NEW YORK -- September 24, 2013

Robbins Geller Rudman & Dowd LLP (“Robbins Geller”)
(http://www.rgrdlaw.com/cases/valueclickinc/) today announced that a class
action has been commenced in the United States District Court for the Central
District of California on behalf of purchasers of ValueClick, Inc.
(“ValueClick”) (NASDAQ:VCLK) common stock during the period between February
14, 2013 and August 1, 2013 (the “Class Period”).

If you wish to serve as lead plaintiff, you must move the Court no later than
60 days from today. If you wish to discuss this action or have any questions
concerning this notice or your rights or interests, please contact plaintiff’s
counsel, Samuel H. Rudman or David A. Rosenfeld of Robbins Geller at
800/449-4900 or 619/231-1058, or via e-mail at djr@rgrdlaw.com.
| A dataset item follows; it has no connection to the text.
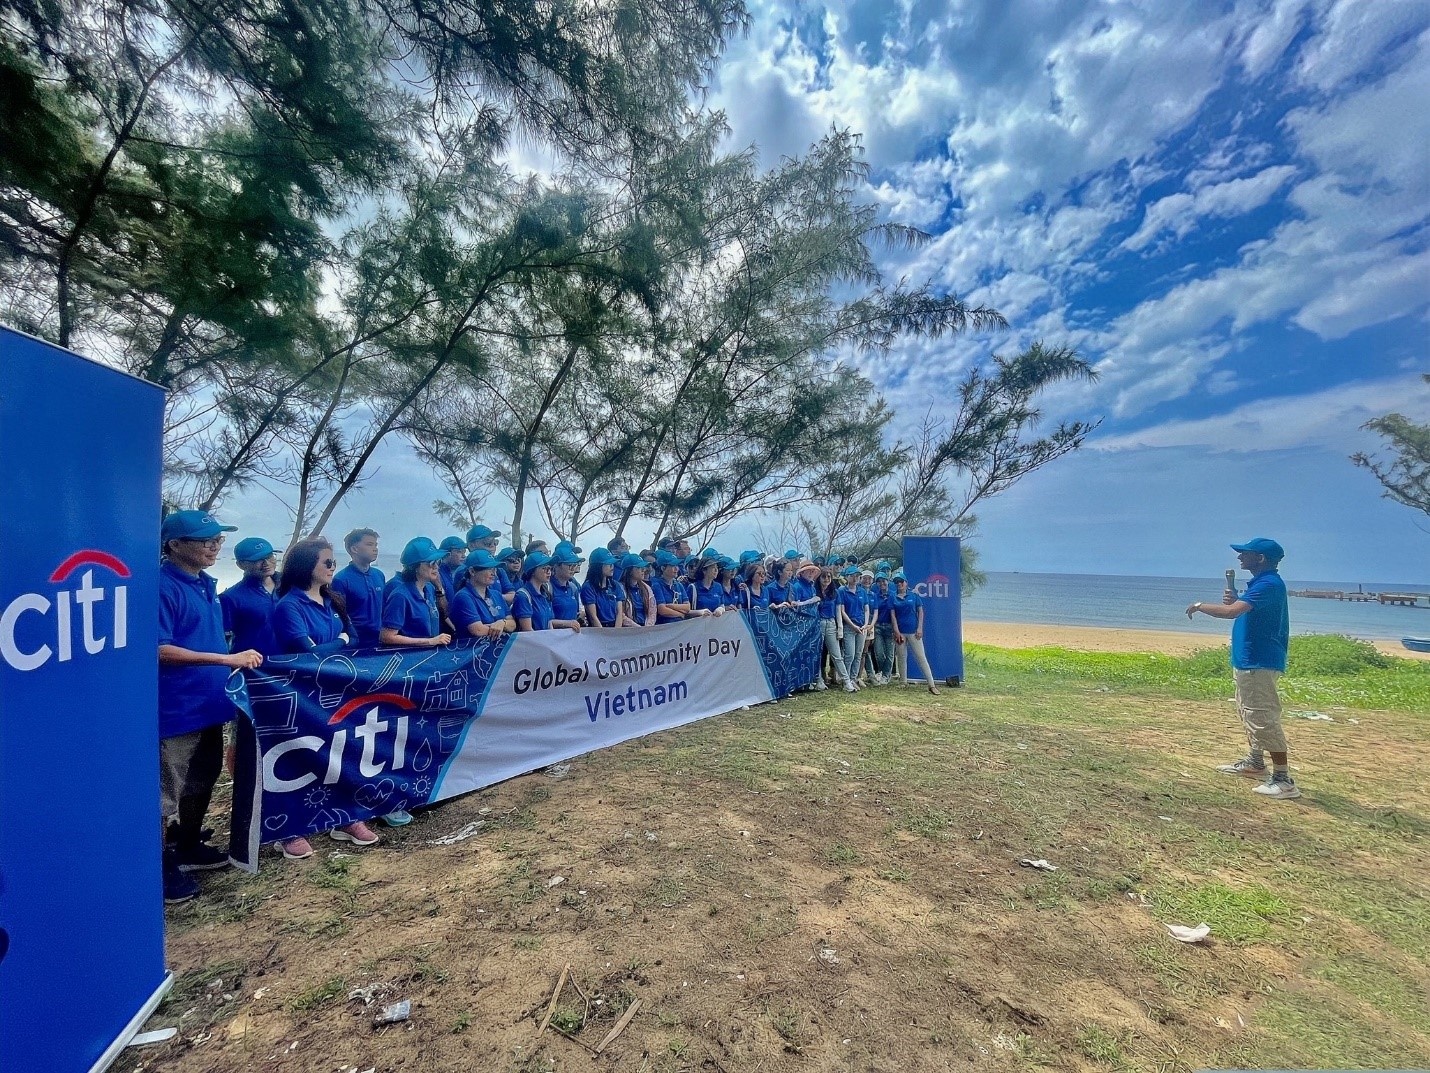 Citi organises beach clean-up on Global Community Day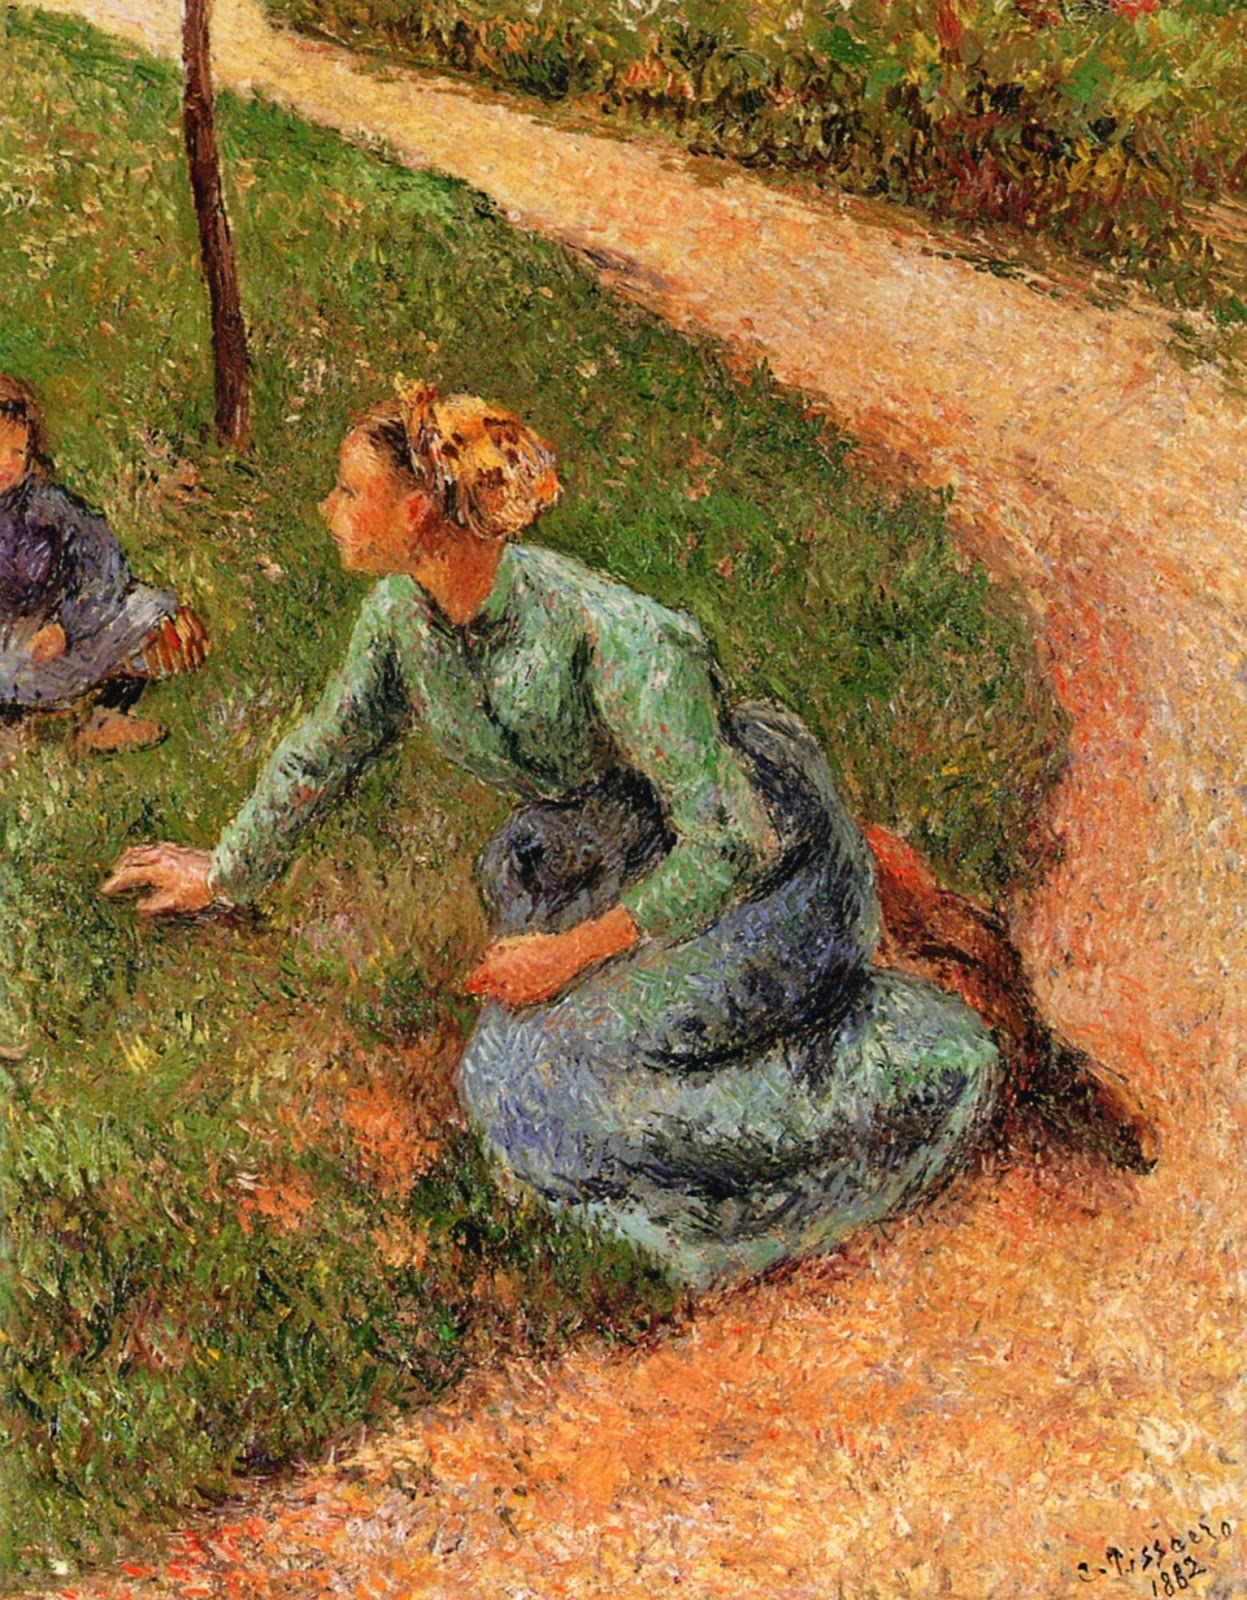 Camille+Pissarro-1830-1903 (319).jpg

If you are a
member of this class, you can view a copy of the complaint as filed or join
this class action online at http://www.rgrdlaw.com/cases/valueclickinc/. Any
member of the putative class may move the Court to serve as lead plaintiff
through counsel of their choice, or may choose to do nothing and remain an
absent class member.

The complaint charges ValueClick and certain of its officers and directors
with violations of the Securities Exchange Act of 1934. ValueClick is an
online advertising company, which provides online advertising campaigns and
programs for advertisers and advertising agency customers in the United States
and internationally. ValueClick has three operating segments: Media, Affiliate
Marketing and Owned & Operated Websites.

The complaint alleges that during the Class Period, defendants issued
materially false and misleading statements about ValueClick’s business and
prospects. Specifically, defendants failed to disclose and/or misrepresented
adverse facts, including that ValueClick was not effectively integrating
certain of its acquisitions, that ValueClick had failed to adequately record
impairment of a note receivable, and that persistent operational weakness in
ValueClick’s European operations and sales were weighing down revenue growth.

On August 1, 2013, after the close of trading, ValueClick issued a press
release announcing its second quarter 2013 financial results for the quarter
ended June 30, 2013. Instead of the high single-digit sales growth defendants
had stated ValueClick was on track to deliver on May 7, 2013, ValueClick
reported flat Media sales in the second quarter of 2013. Instead of the
adjusted earnings of between $0.38 and $0.40 per share on revenues in the
range of $164 to $175.3 million ValueClick had stated it was on track to
achieve on May 7, 2013, ValueClick reported adjusted earnings of $0.39 per
share on revenues of just $159.8 million. On this news, the price of
ValueClick common stock, which had traded as high as $32.25 per share in
intraday trading during the Class Period, declined more than 33% from that
level to close at $21.37 per share on August 2, 2013.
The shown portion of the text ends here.